Once the pictures are removed, restate the data below word for word.

> _Provided material_:
== == ==

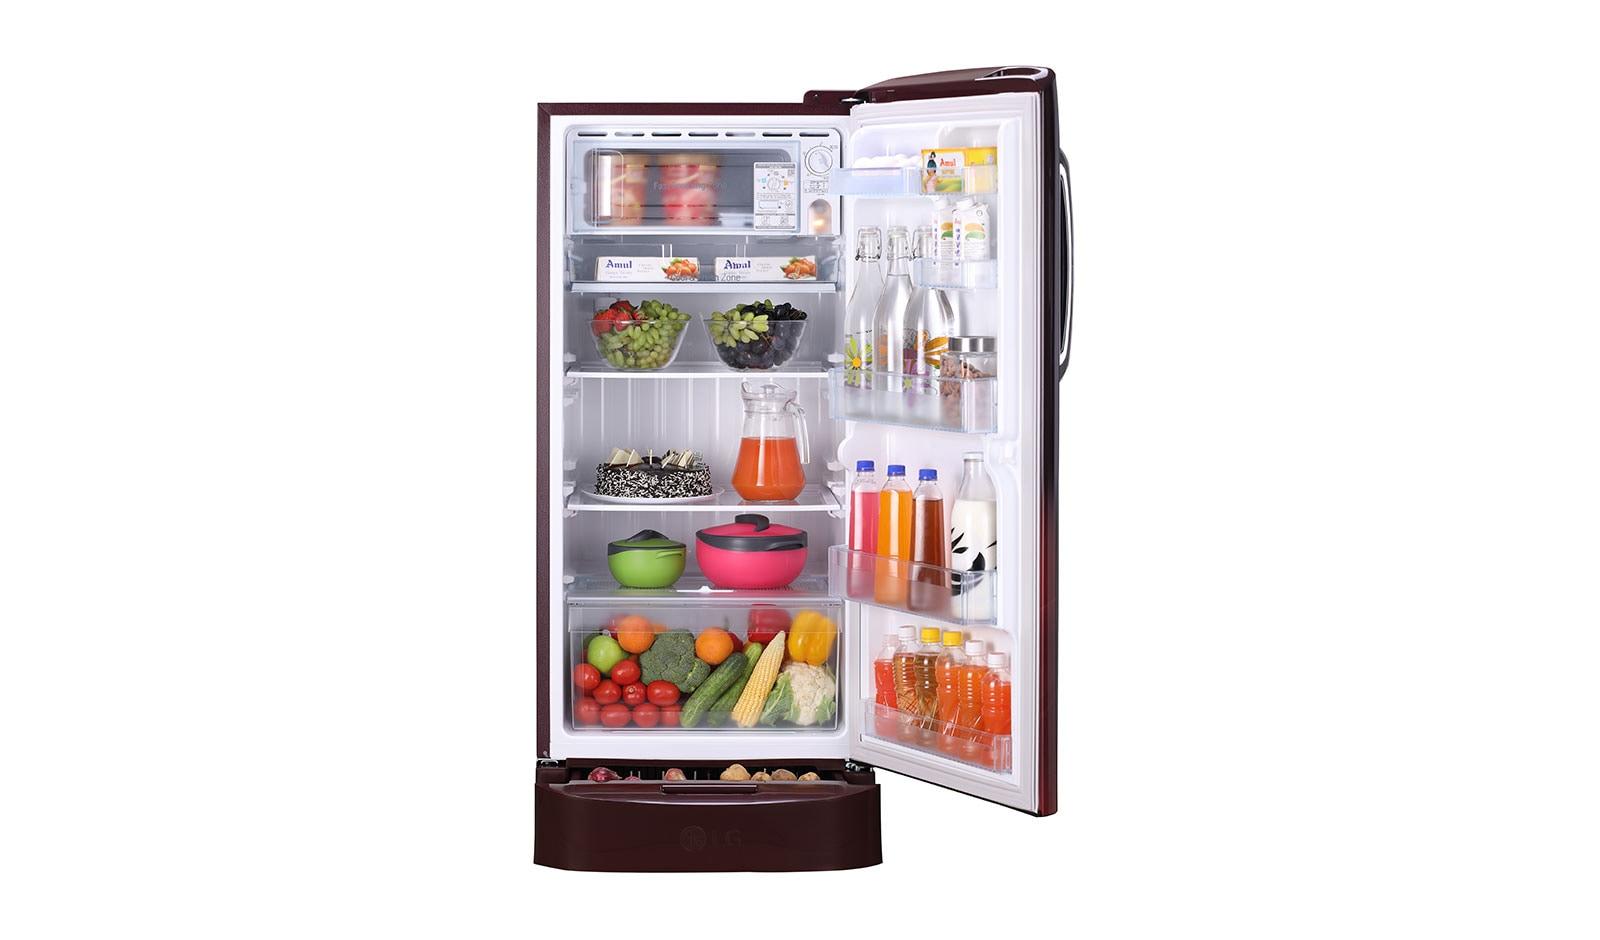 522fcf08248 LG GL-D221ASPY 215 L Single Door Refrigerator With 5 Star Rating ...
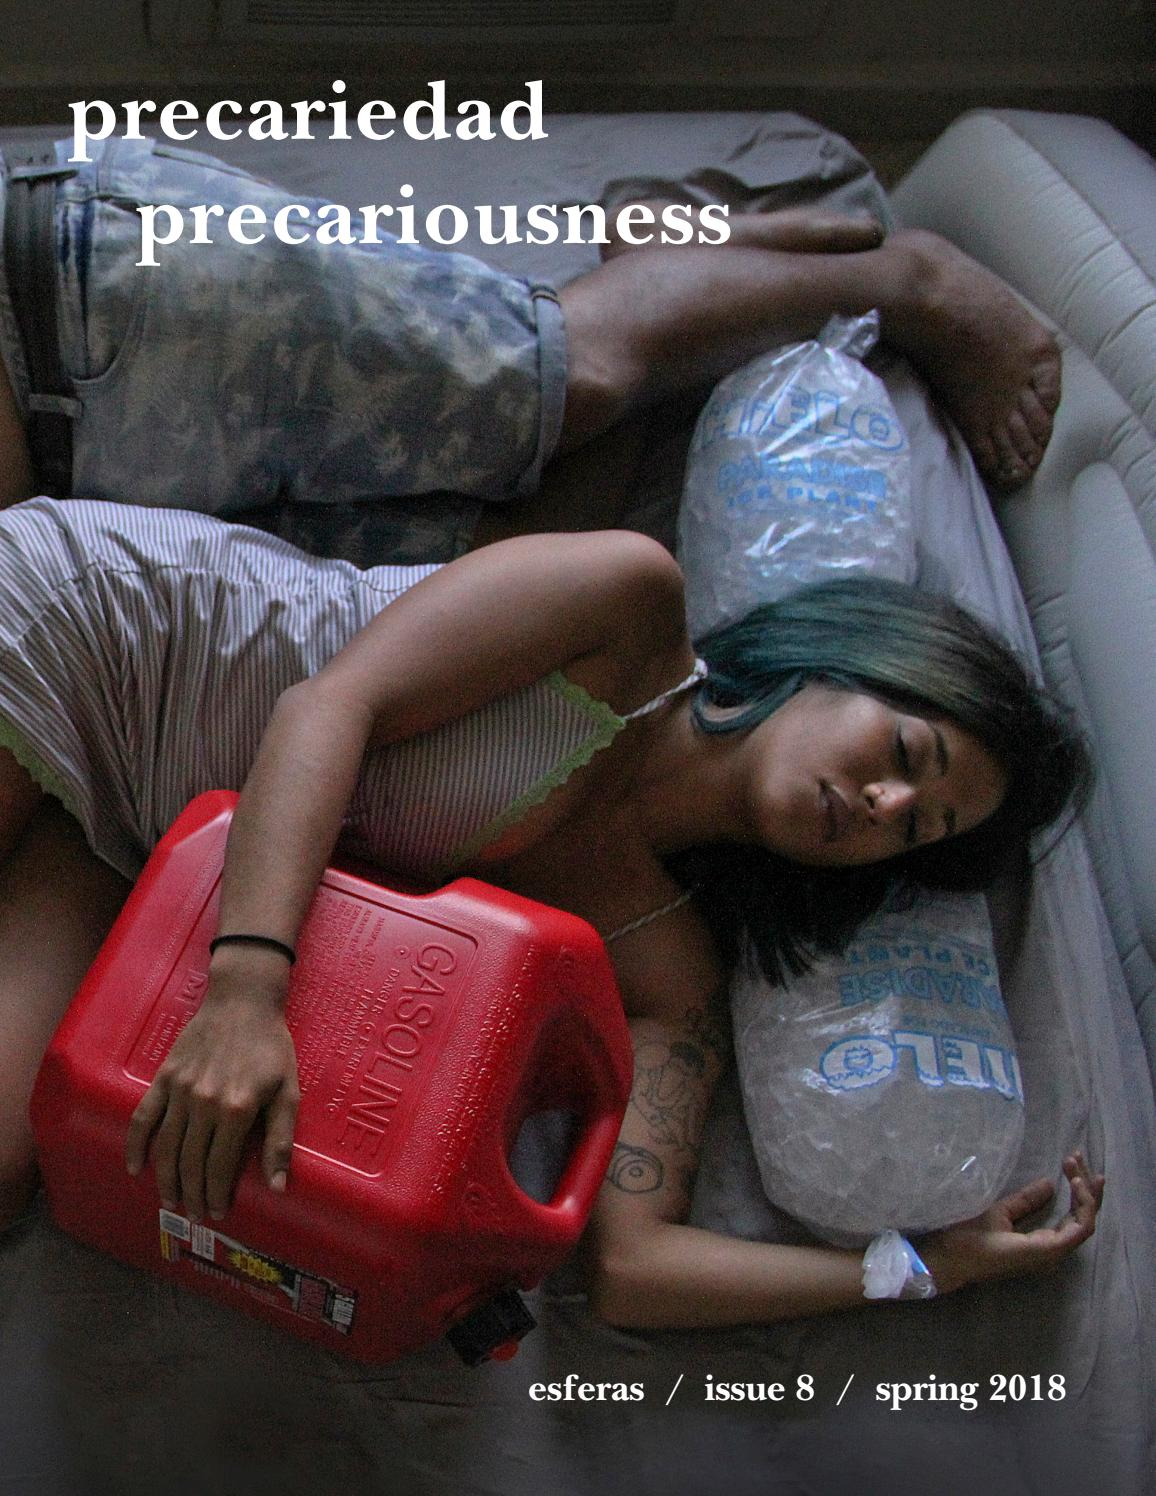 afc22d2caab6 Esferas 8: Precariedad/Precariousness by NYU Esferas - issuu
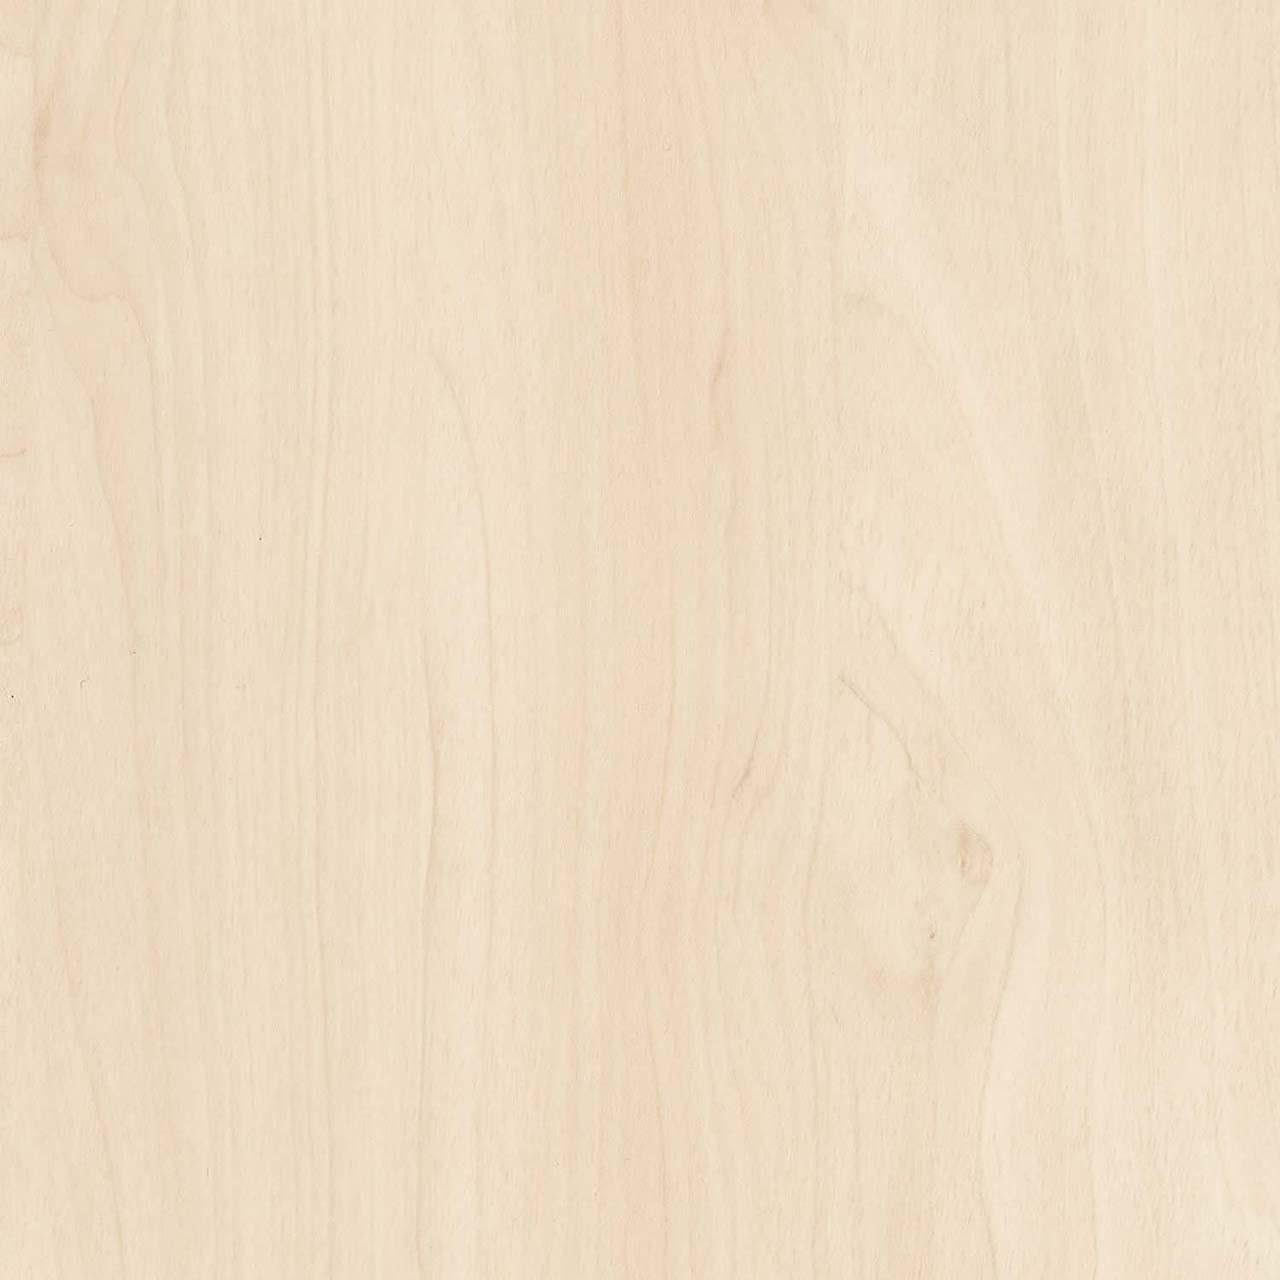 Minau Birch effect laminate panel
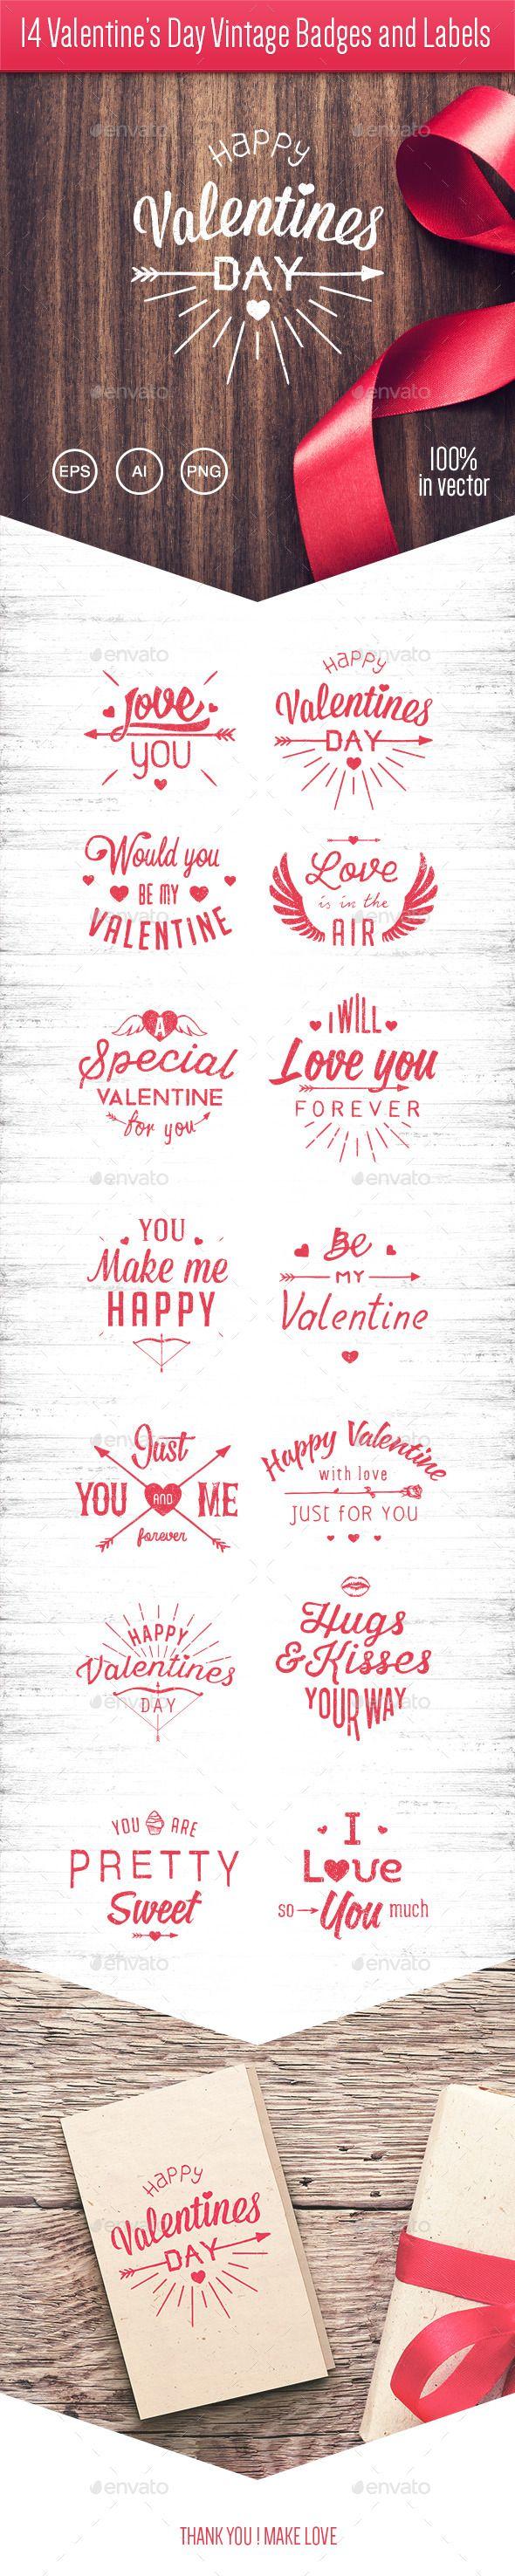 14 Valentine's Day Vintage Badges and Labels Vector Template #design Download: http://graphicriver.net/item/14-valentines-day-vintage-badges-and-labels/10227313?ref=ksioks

== == ==

> _Exercise response_:
 522fcf08248 LG GL-D221ASPY 215 L Single Door Refrigerator With 5 Star Rating ...
 afc22d2caab6 Esferas 8: Precariedad/Precariousness by NYU Esferas - issuu
 Minau Birch effect laminate panel
 14 Valentine's Day Vintage Badges and Labels Vector Template #design Download: http://graphicriver.net/item/14-valentines-day-vintage-badges-and-labels/10227313?ref=ksioks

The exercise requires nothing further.